Importantly, some of the Medics who are trained at Mae Tao Clinic work for Back Pack Health Worker Teams (BPHWT). The teams go into the armed conflict areas in Burma, and provide primary health care and education to displaced villagers who have no access to medical services. There are extreme risks for the teams to be in Burma including being imprisoned or shot by the Myanmar military and injured by landmines in the border area. Seven workers have lost their lives since the program started in 1998 (  There are currently 81 teams (consisting of 3 – 5 individuals) operating in Eastern Burma. There are approximately 300 Medics involved on the teams. The medics work with local village birth attendants (for whom they provide training) and village health volunteers. The teams remain in the conflict (or so-called “Black”) areas for approximately 6 months at a time and are periodically re-supplied by the village volunteers. Health education is conducted in the makeshift encampments including sanitation, first aid and malaria and HIV/AIDs prevention. Additionally, preventive medicine programs are initiated including Vitamin A and Iron distribution, de-worming mediations and Filariasis prevention activities. In some areas clean water systems are installed to promote health and wellness.

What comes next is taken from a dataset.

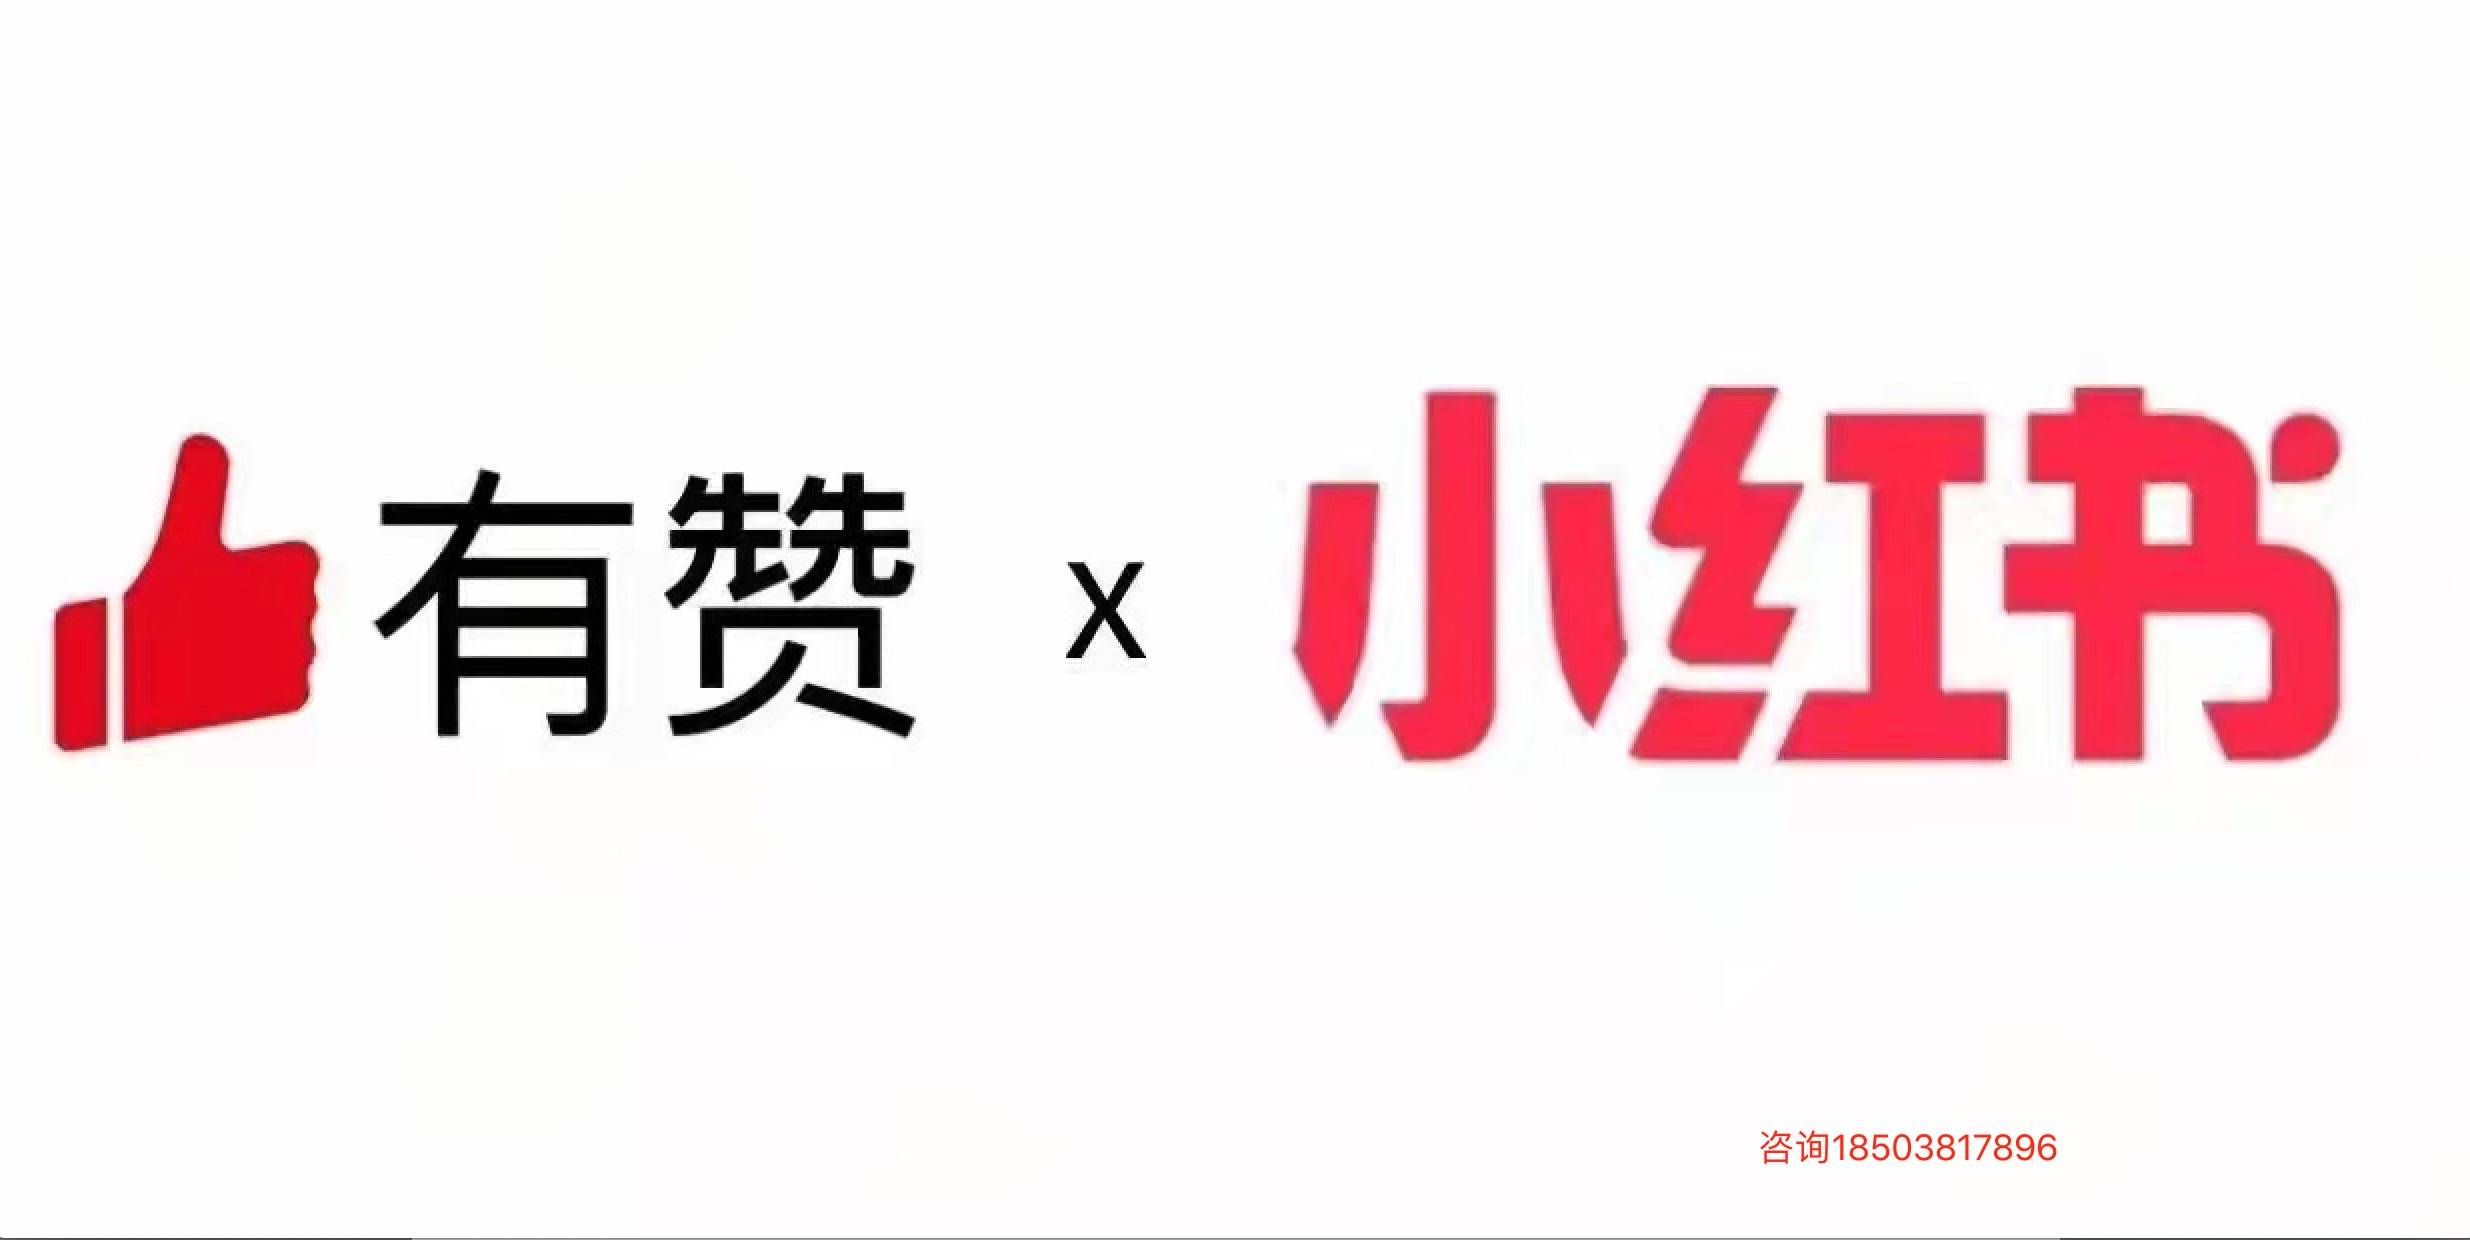 小红书logo原版图片

The Medics in the camps, the Back Pack Health Worker Team Medics, and the Medics at the Mae Tao Clinic operate very much like US Physician Assistants (PAs). They extend access to medical care to the vulnerable population of displaced persons. The Medics are educated to take patient histories, perform physical exams, diagnosis, and initiate treatment plans including the prescribing of medications and the performing of surgical procedures. Interestingly the Medic, as an officially recognized profession, does not exist in Thailand or in Burma, but only exists within the milieu of the vulnerable populations displaced by a brutal military Myanmar dictatorship. Health worker training begins with 6 months of education to become a Community Health Worker (CHW), then an additional 18 months to become a Medic. The Medics are then able to take additional training (3 – 6 months) in the areas of mental health, laboratory science, dentistry or ophthalmology.